Eternal Sunshine of the Spotless Mind stands out as the most obvious, but even films like Memento offer ruminations on the concept of memory. Glasshouse makes compelling arguments for both sides of the fence while allowing viewers to make up their own minds.

And yes, a few of the metaphors are less than subtle; that memory can be just as much a prison as a physical structure is front-and-center in the narrative. But that’s ok. With a slow-burn film like this, it’s nice to have something overt thrown in now and again.

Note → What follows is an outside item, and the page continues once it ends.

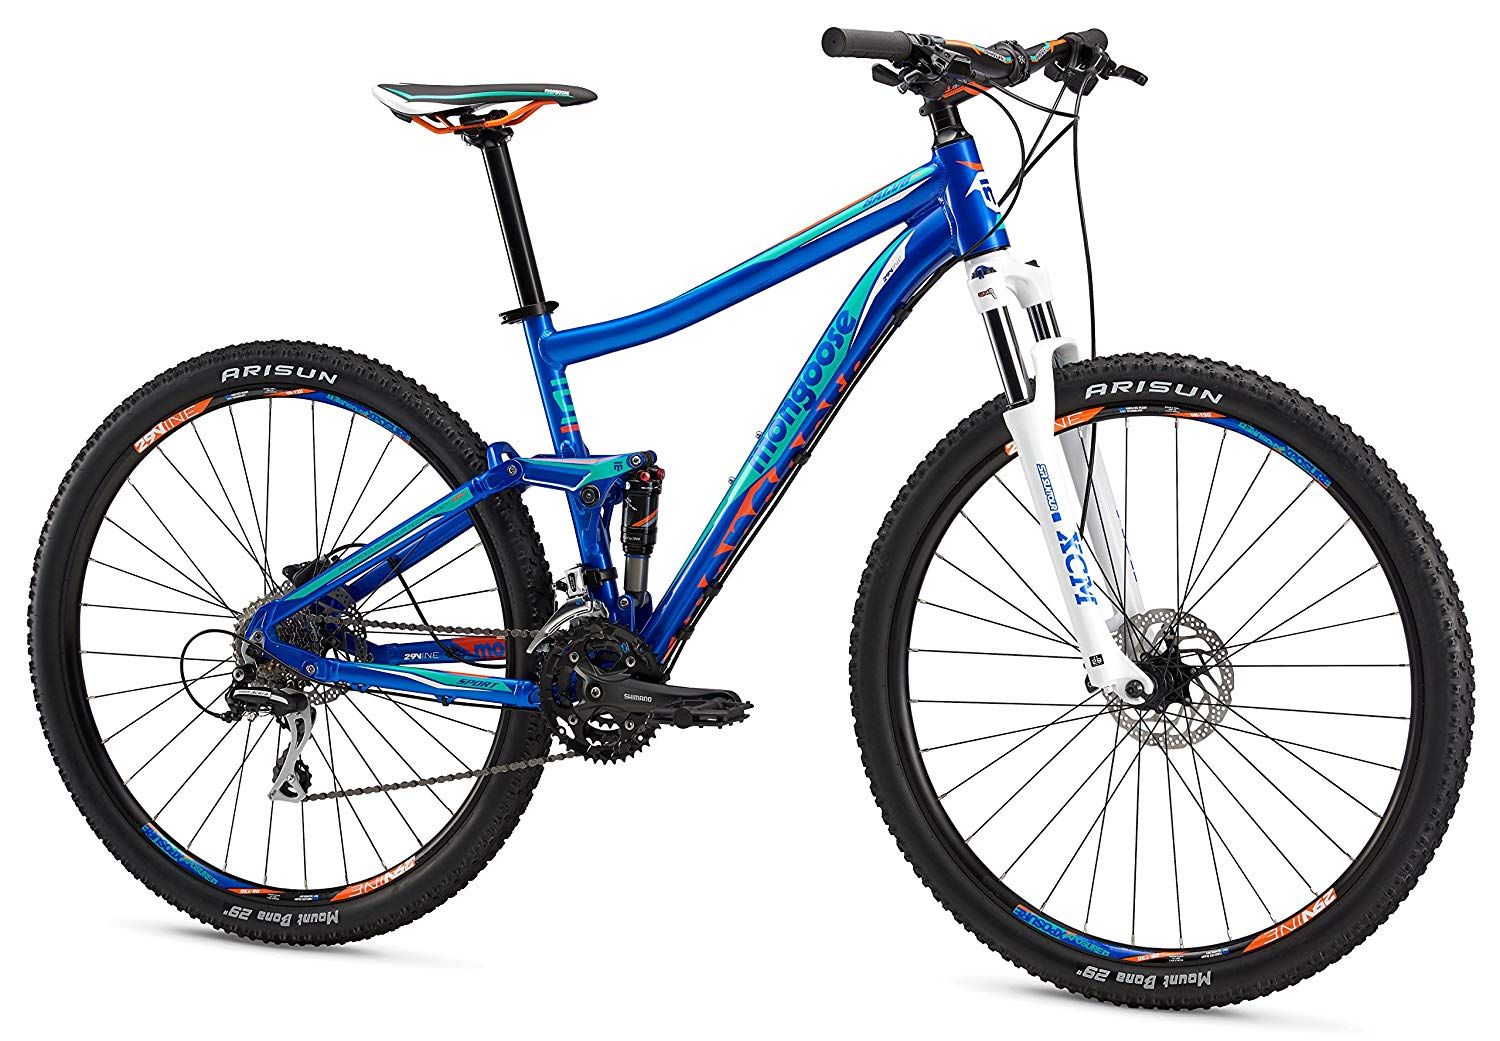 Mongoose Salvo 29 Sport - A Good, Cheap, Mountain Bike

I’m not going to sugarcoat it; GLASSHOUSE won’t be everyone’s cup of tea. It’s a film that focuses on the rot and decay underneath the veneer instead of some ultimate “big bad” amassing a body count.

There are glimpses of sexuality, and the entire film is permeated with erotic overtones, but actual skin is rarely on display. Viscera is relegated more towards scenes of science and education instead of in service of splatter. All of the typical features that make a horror movie a “horror” movie are absent here.

That said, this reviewer was invested from start to finish. Even the somewhat depressing ending felt both appropriate and earned. Kelsey Egan is one to watch, and I’m excited to see what project she tackles next.

RENT IT. This emphatic recommendation comes with a caveat. Hardcore horror fans eager to see plenty of onscreen carnage will almost surely be disappointed. But fans of thought-provoking, slow-burning dramatic thrillers should find plenty to love about this strong and satisfying debut from Kelsey Egan.